The book contains other useful articles on subjects as varied as new trends in recruitment to the Sri Lanka Administrative Service (an eye opener in the context of present popularly held views about this service), social science research in family planning, providing useful insights for policy making and programme designing and the sociology of radio and television broadcasting in Sri Lanka (containing, inter alia, a first hand account of the political, financial and technical issues that were involved in the introduction of television in Sri Lanka).

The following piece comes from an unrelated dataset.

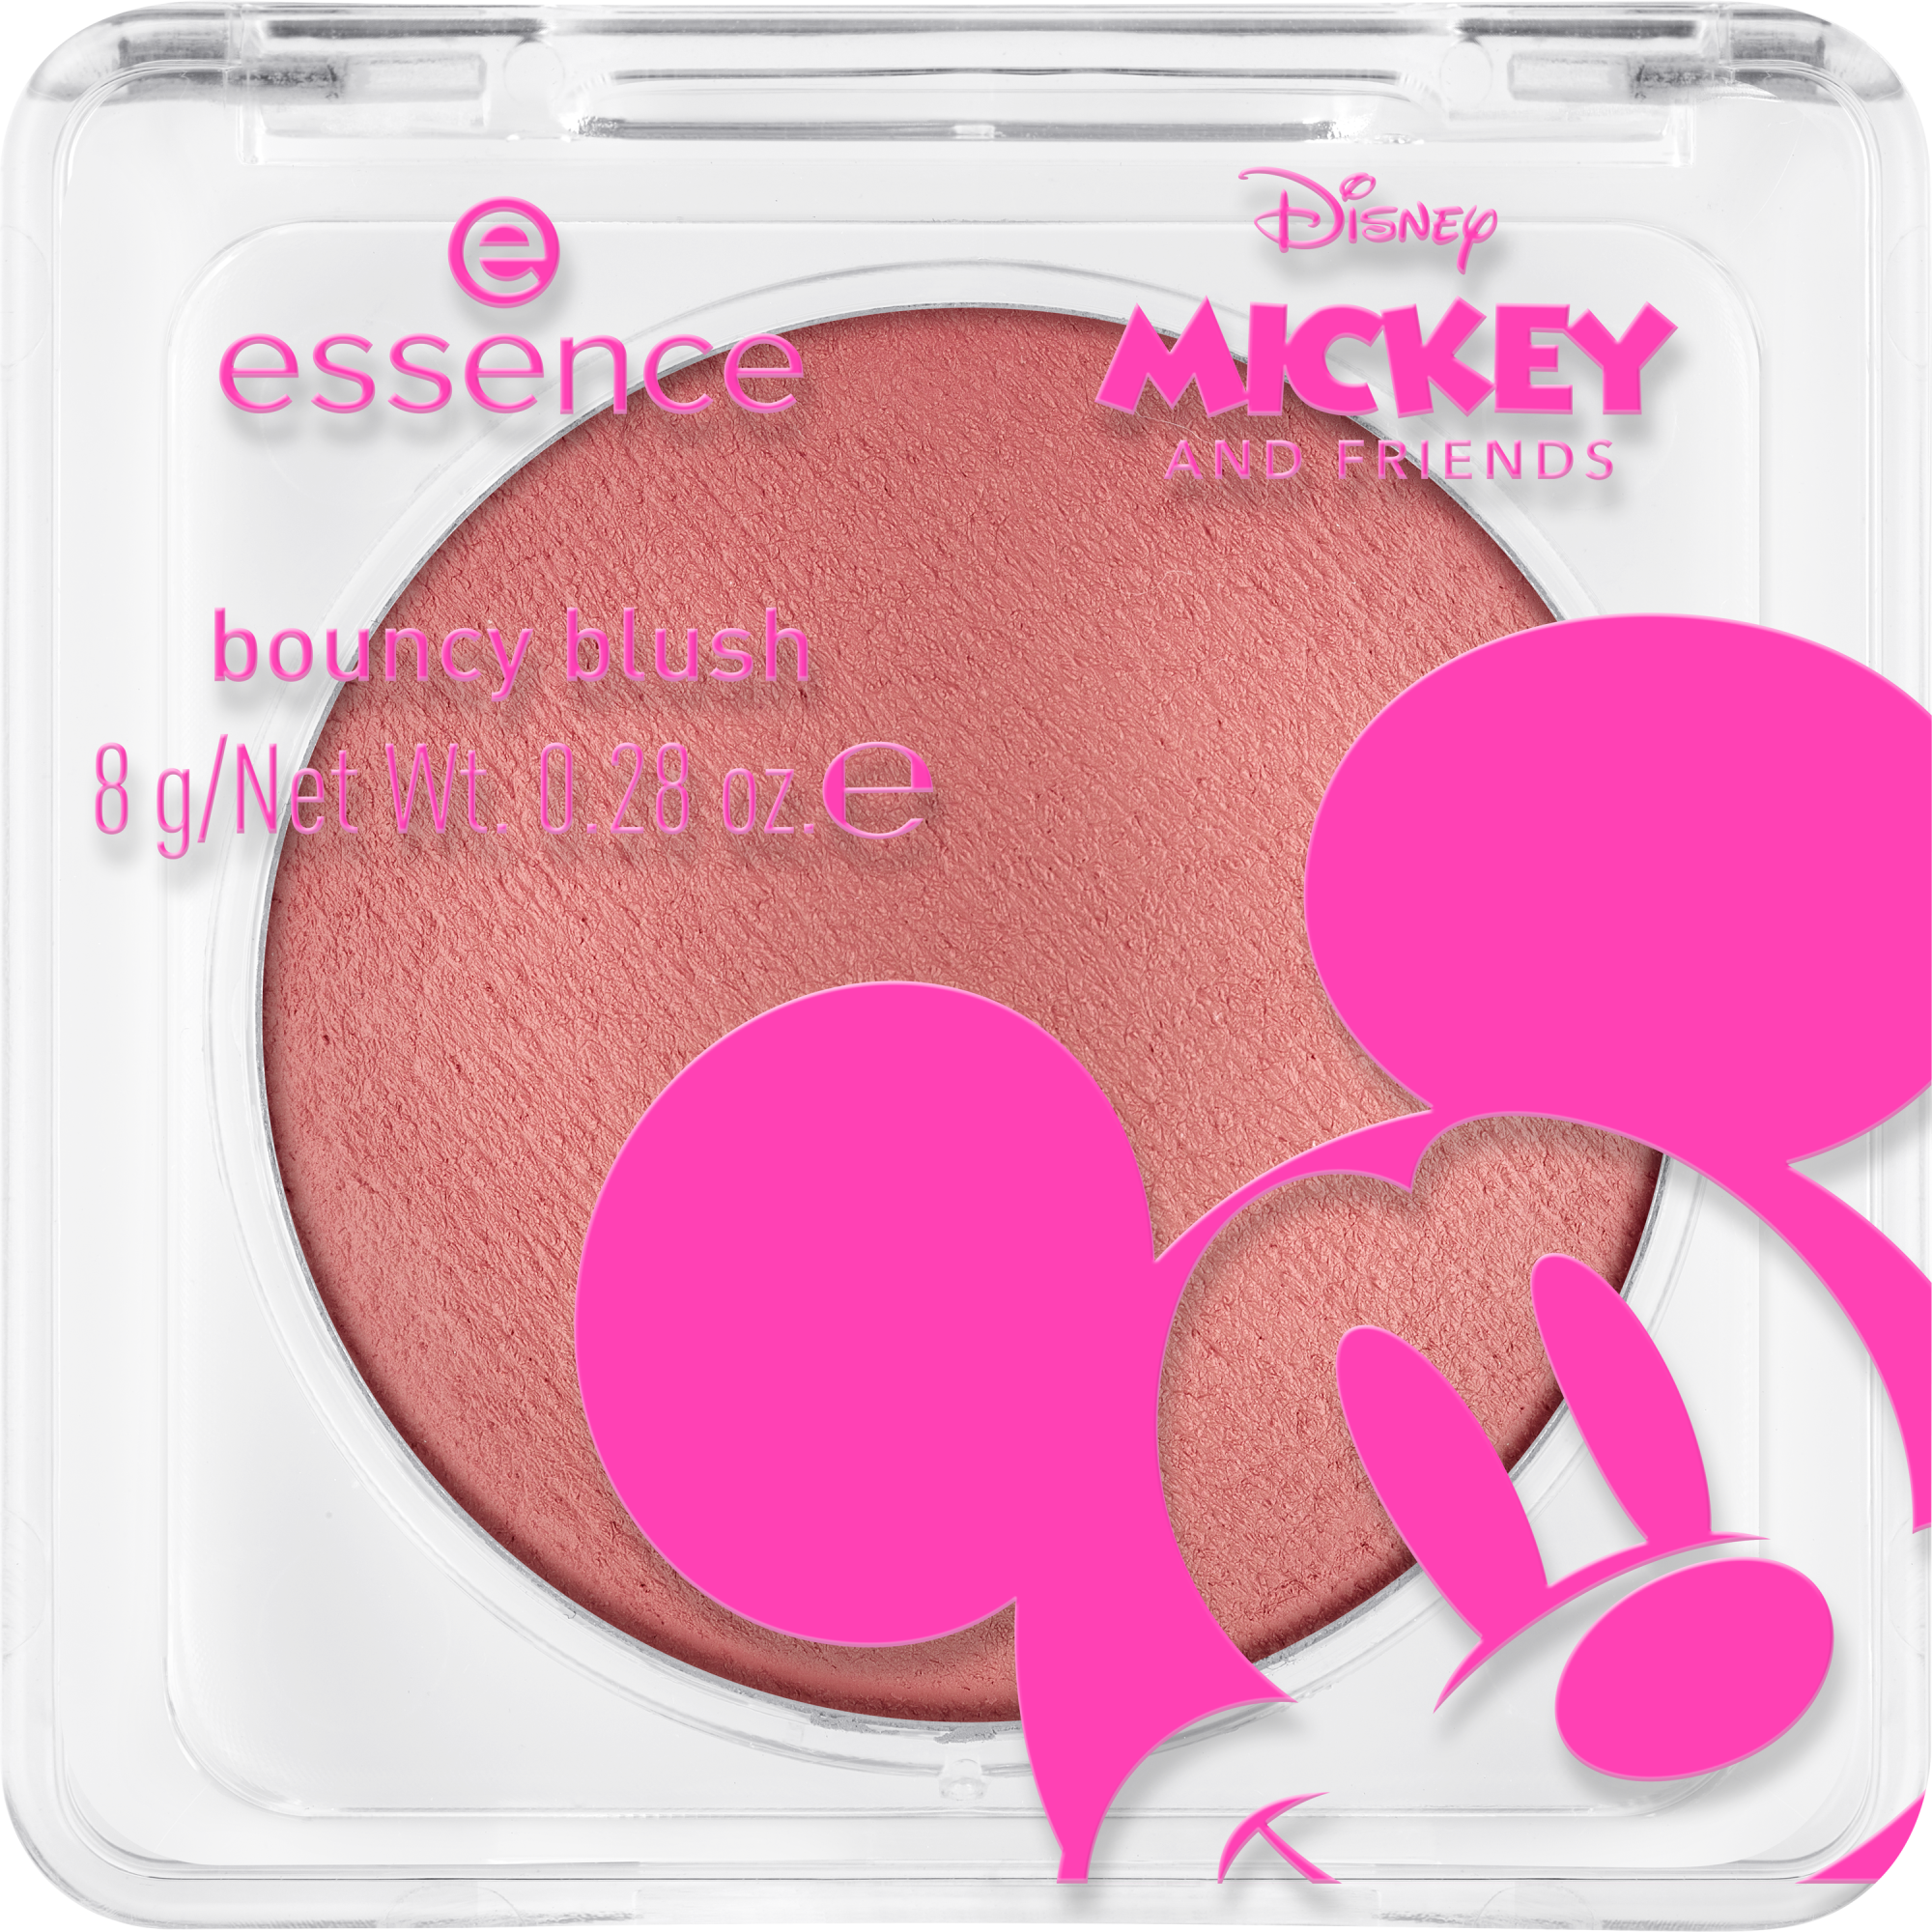 bouncy blush Disney Mickey and Friends
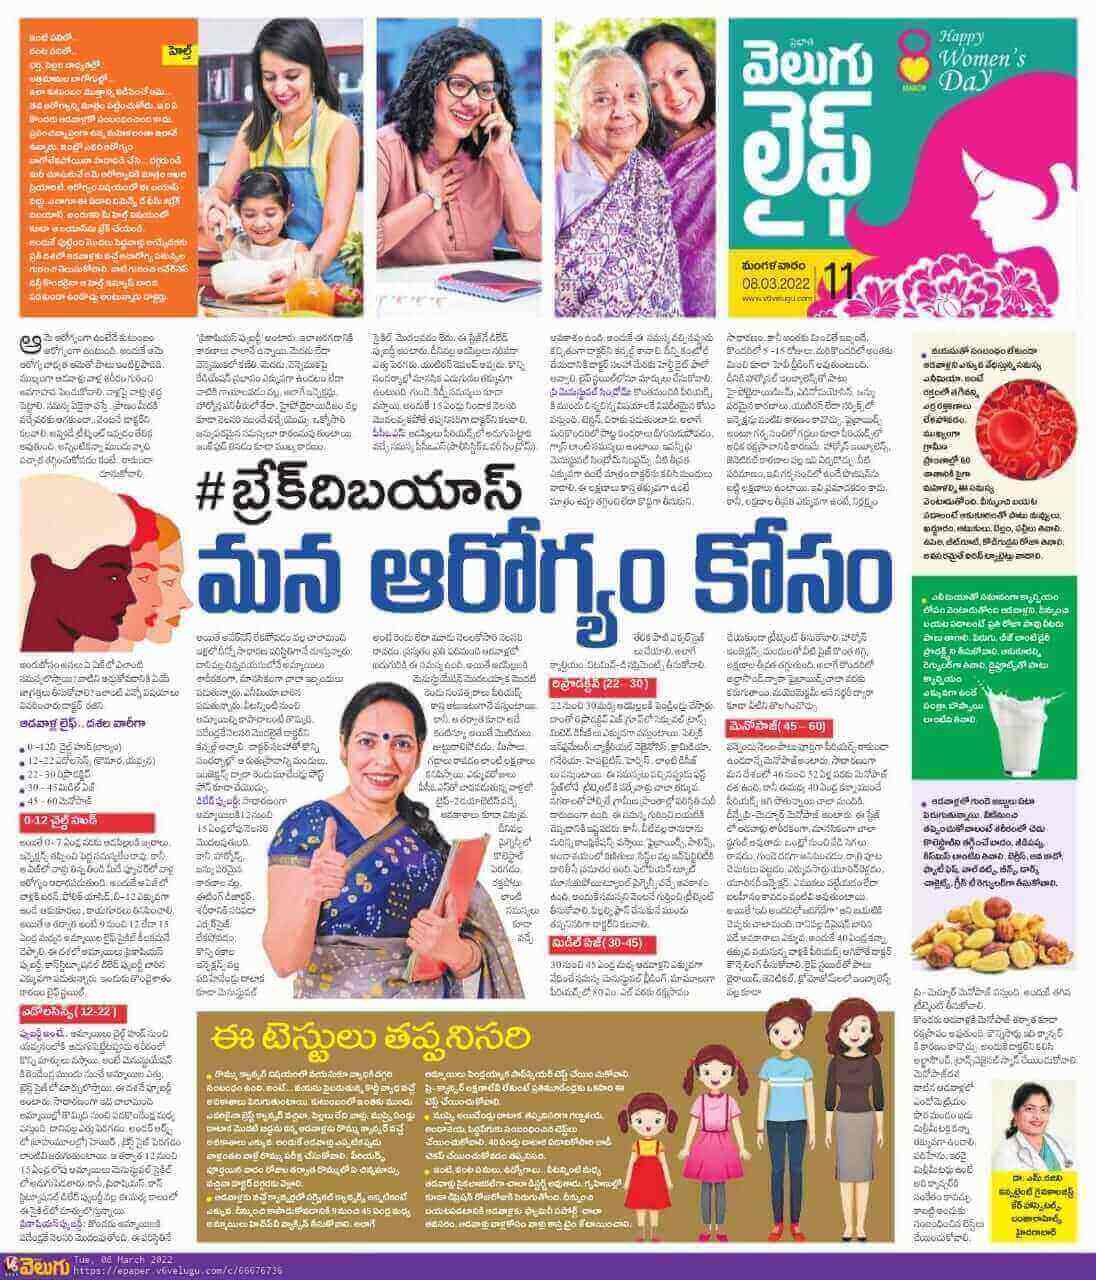 Article on Women Health on the occasion of International Women's Day by Dr. Muthineni Rajini - Senior Consultant Obstetrician and Gynecologist, Laparoscopic Surgeon, and Infertility Specialis

Lastly, the author, being a good Sri Lankan, has performed his guru upahaara (veneration of the teacher) by devoting his final chapter to pay tribute to his old teacher at the University of Ceylon (now Peradeniya), the Late Ralph Pieris – the man who “loved an argument, never stifled dissent and stood for individuality and freedom”

The author deserves to be congratulated for revising several social science conclusions regarding recent events in the country. This will help in providing a more rounded view of our recent history than now available through the works of other social scientists.

As Professor H.L. Seneviratne, says “Within this broad canvas, Amunugama provides the reader with a rich body of data that reveals an unparalleled intimacy with the contemporary social and cultural processes of the island. While the topics dealt with are familiar from numerous studies of these subjects by professional scholars as well and other observers, the unique perspective of the book derives from the author’s wide experience well beyond the narrowly academic, and consisting of the perceptions of a senior administrator and a “participant observer” of the second wave of colonisation schemes; a former media specialist of the UNESCO; and outstanding scholar with a PhD completed under the guidance of the distinguished French anthropologist Louis Dumont; a poet and literary critic, and a political activist who was to become one of the country’s leading politicians.”

As always Amunugama’s writing is simple, lucid and a pleasure to read. “Dreams of Change” is a worthy successor to his award winning book on Anagarika Dharmapala, entitled “The Lion’s Roar”.